The Cut – Chris Brookmyre

It was supposed to have been the film that was going to take them to the big time, producer Lucio Sabatini and giallo director Alessandro Salerno, moving from the straight-to-video realm of their previous productions to a theatrical release in North America, but the only legacy of Mancipium is the supposed curse attached to the film which marked the end of the careers of many associated with it, the negative reportedly destroyed either to end the curse or to claim the insurance.

Jerome Kelly knew of the film by its reputation but only ever had one interaction with any item directly linked with the film, the night he and the gang he ran with broke into a flat looking for valuables which could be flogged for cash; what he found was a framed poster for Mancipium, but what he ended up with was a stain on his conscience and evidence of his complicity in the hands of a man he would rather have no dealings with.

For Millicent Spark, Mancipium stole twenty four years of her life; the celebrated makeup effects artist of Blood Ceremony and Lucifer’s Charade whose work was to be showcased on a global platform, instead she became the front page story when she was arrested for the murder of her boyfriend, the locked room and bloodstained evidence offering little room for doubt though she protested her innocence.

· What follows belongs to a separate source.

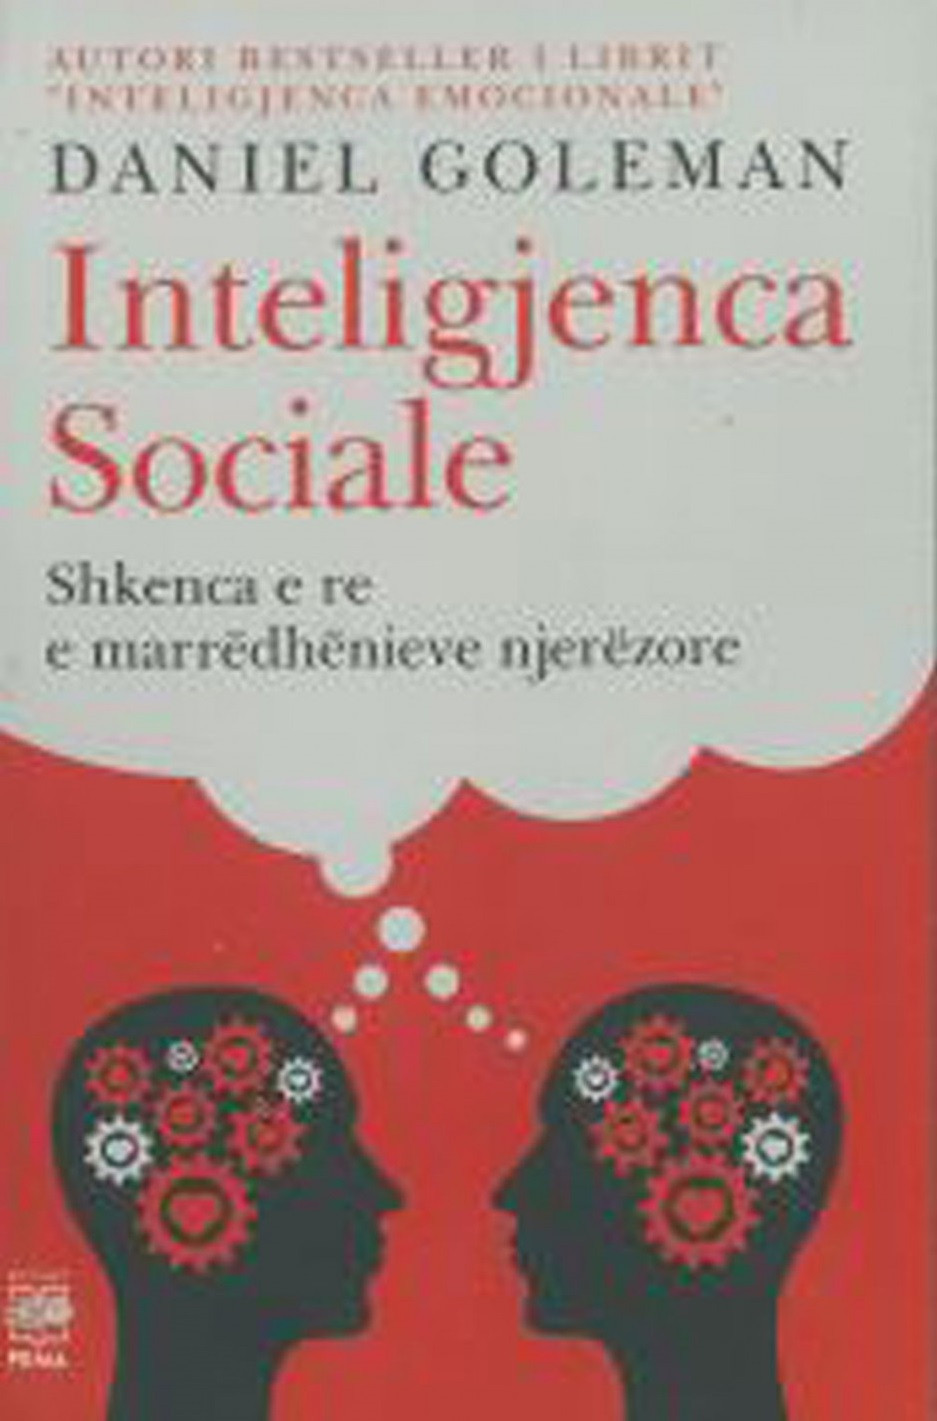 Inteligjenca sociale

Her future unlikely to involve any more trips to Cannes or Rome, since her release from prison Millicent has stayed with two friends, three elderly ladies living together looking for a younger housemate to bring some life to their stagnant existence, a connection to the modern world, but what Jerry’s arrival prompts is only more death as the buried curse of Mancipium crawls out of the shadows.

The stomping ground of his long running Jack Parlabane mysteries and the more recent Jasmine Sharp trilogy, Chris Brookmyre is back in his hometown of Glasgow for The Cut, but like his last novel Fallen Angel it has a European scope, a cold case from the warm shores of the Mediterranean which blows an ill wind to the far north.

Described as “a film about the seductive nature of evil that could itself… seduce people into evil deeds,” Mancipium was caught up in the “burn your video nasties” outrage which demanded scapegoats and distractions of which Millicent was one, and unlike Brookmyre’s more immediate investigations putting together the pieces which have long since drifted from their initial positions means the setup is necessarily longer, but when the hook grabs Millicent and Jerry it is a killer.

Memory clouded, evidence scant, witnesses untraceable or dead and Millicent forbidden from travelling abroad by the conditions of her parole, with Millicent having worked in the film industry and Jerry a media studies student both are aware that the art of film is illusion and misdirection and that what sells is more important than what you are selling, and Brookmyre builds a cast of supporting characters who all have a stake in the truth, or its obfuscation.

Fronted by two demographically opposed individuals bonded by circumstance and a love of horror cinema, movie references litter the pages alongside Brookmyre’s wicked humour, Jerry aware of the tragic irony of how an overdue essay suddenly becomes of secondary importance when he has a dead body to dispose of, The Cut departing the easy-access Glasgow locations to become an international affair as the pair unintentionally summon the ghosts of the past in their attempt to exorcise the demons on their tail.